Table 7: explanation syntax for 5-digit plus 4-digit postal code expressions
Required Blank
[: Digit:] POSIX digital class
] End of the Character List
The {5} character list appears exactly five times
(Starting with a subexpression
-A text hyphen, because it is not a range metacharacters in the Character List
[Starting with the character list
[: Digit:] POSIX [: digit:] class
[Starting with the character list
] End of the Character List
The {4} character list appears exactly four times
) End parentheses, ending subexpressions
? ? The quantifiers match the grouping expression 0 or once, so that the four digits of code are optional.
$ Locate metacharacters to indicate the end of a line

Table 8: REGEXP_SUBSTR function syntax
REGEXP_SUBSTR (source_string, pattern
[, Position [, occurrence
[, Match_parameter]) The REGEXP_SUBSTR function returns a substring in the matching mode.

Table 9: REGEXP_REPLACE function syntax
REGEXP_REPLACE (source_string, pattern
[, Replace_string [, position
[, Occurrence, [match_parameter]) This function replaces the matching mode with a specified replace_string to allow complex "search and replace" operations.

Table 10: Back-to-reference metacharacters
The \ digit backslash is followed by a number between 1 and 9. The backslash matches the digit subexpression enclosed in parentheses.
(Note: The backslash has another meaning in the regular expression, depending on the context, it may also represent the Escape character.

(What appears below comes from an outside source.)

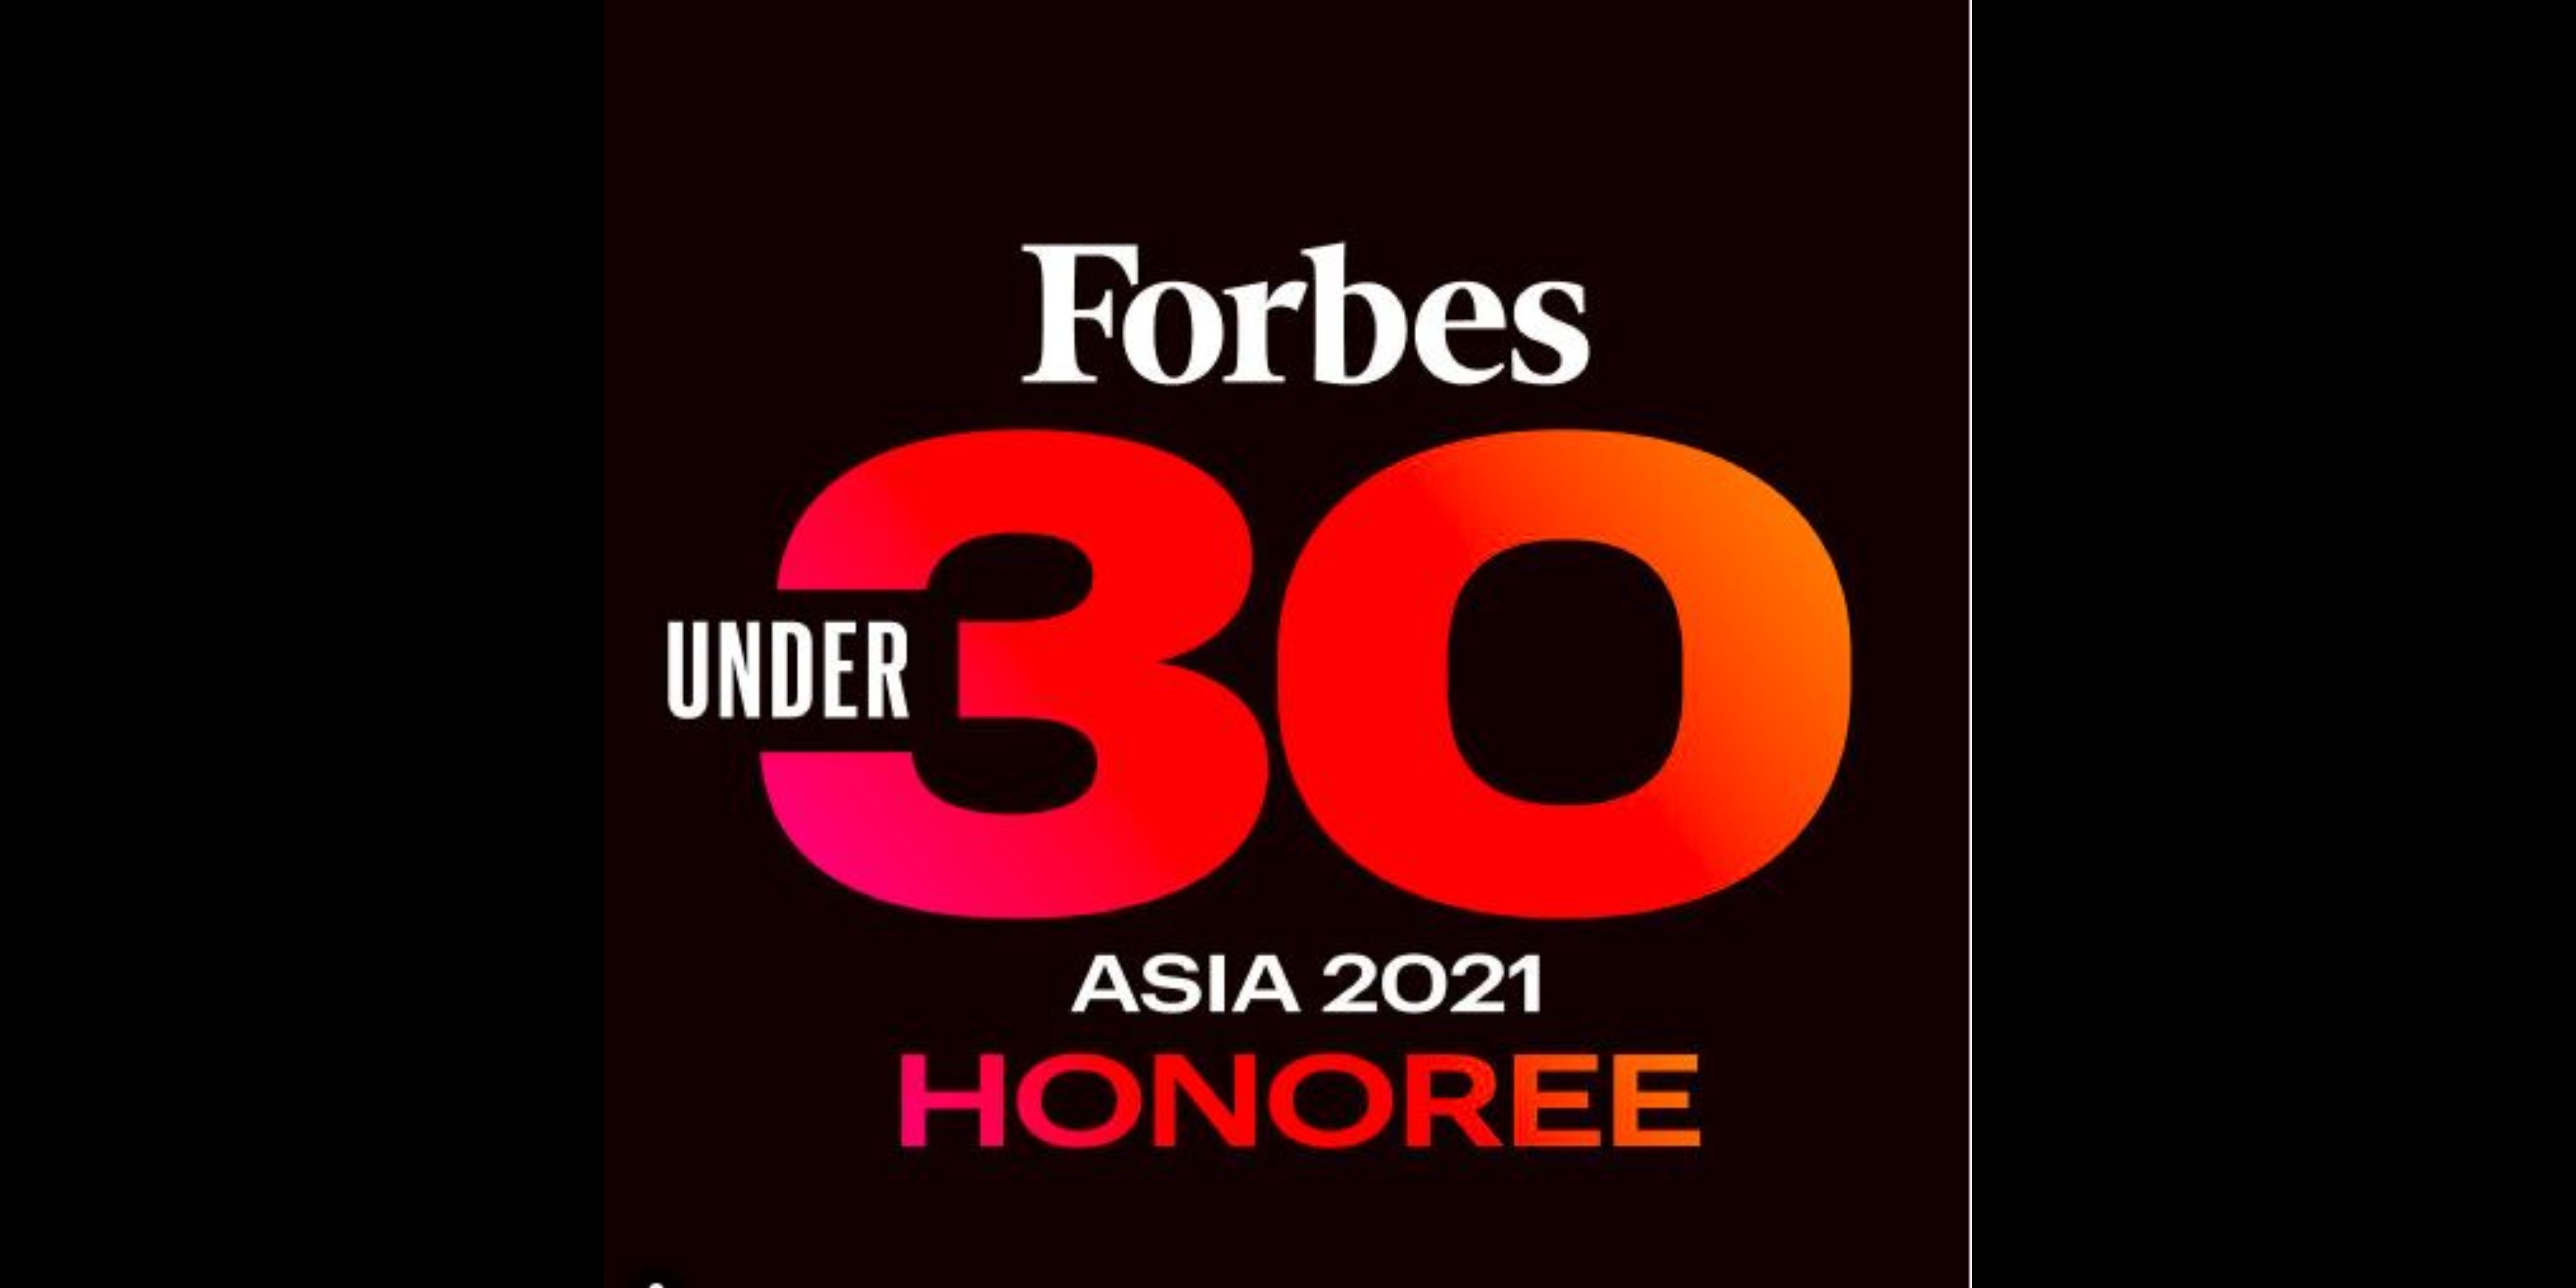 Daftar Lengkap 26 Milenial dan Gen Z Asal Indonesia yang Masuk Forbes 30 Under 30 Asia 2021

Table 11: Regular Expression expression description
(Start of the first subexpression
. Match any single character except line breaks
* Repeat the operator to match the previous. metacharacters 0 to n times.
) The end of the first subexpression. The matching result is in \ 1.
(In this example, the result is Ellen .)
Required Blank
(Start of the second subexpression
. Match any single character except line breaks
* Repeat the operator to match the previous. metacharacters 0 to n times.
) The end of the second subexpression. The matching result is in \ 2.
(In this example, the result is Hildi .)
(Starting with the third subexpression
. Match any single character except line breaks
* Repeat the operator to match the previous. metacharacters 0 to n times.
) The end of the third subexpression. The matching result is in \ 3.
(In this example, the result is Smith .)

Table 12: Description of Regular Expressions for Social Insurance Numbers
^ The first character of the line (the regular expression cannot have any leading character before matching .)
(Start the subexpression and list the replaceable options separated by | metacharacters.
[Starting with the character list
[: Digit:] POSIX digital class
] End of the Character List
The {3} character list exactly appears three times
[Starting with the character list
[: Digit:] POSIX digital class
] End of the Character List
The {2} character list appears exactly twice
-Another hyphen
[Starting with the character list
[: Digit:] POSIX digital class
] End of the Character List
The {4} character list appears exactly four times
| Replace metacharacters; end the first option and start the next replace expression
[Starting with the character list
[: Digit:] POSIX digital class
] End of the Character List
The {9} character list appears exactly nine times
) End parentheses. End the child expression group to be replaced.
$ Locate metacharacters to indicate the end of the line; no additional characters can match the pattern

Contact Us

The content source of this page is from Internet, which doesn't represent Alibaba Cloud's opinion; products and services mentioned on that page don't have any relationship with Alibaba Cloud. If the content of the page makes you feel confusing, please write us an email, we will handle the problem within 5 days after receiving your email.

If you find any instances of plagiarism from the community, please send an email to: and provide relevant evidence. A staff member will contact you within 5 working days.

A Free Trial That Lets You Build Big!

Start building with 50+ products and up to 12 months usage for Elastic Compute Service

  • Sales Support

    1 on 1 presale consultation

  • After-Sales Support

    24/7 Technical Support 6 Free Tickets per Quarter Faster Response

  • Alibaba Cloud offers highly flexible support services tailored to meet your exact needs.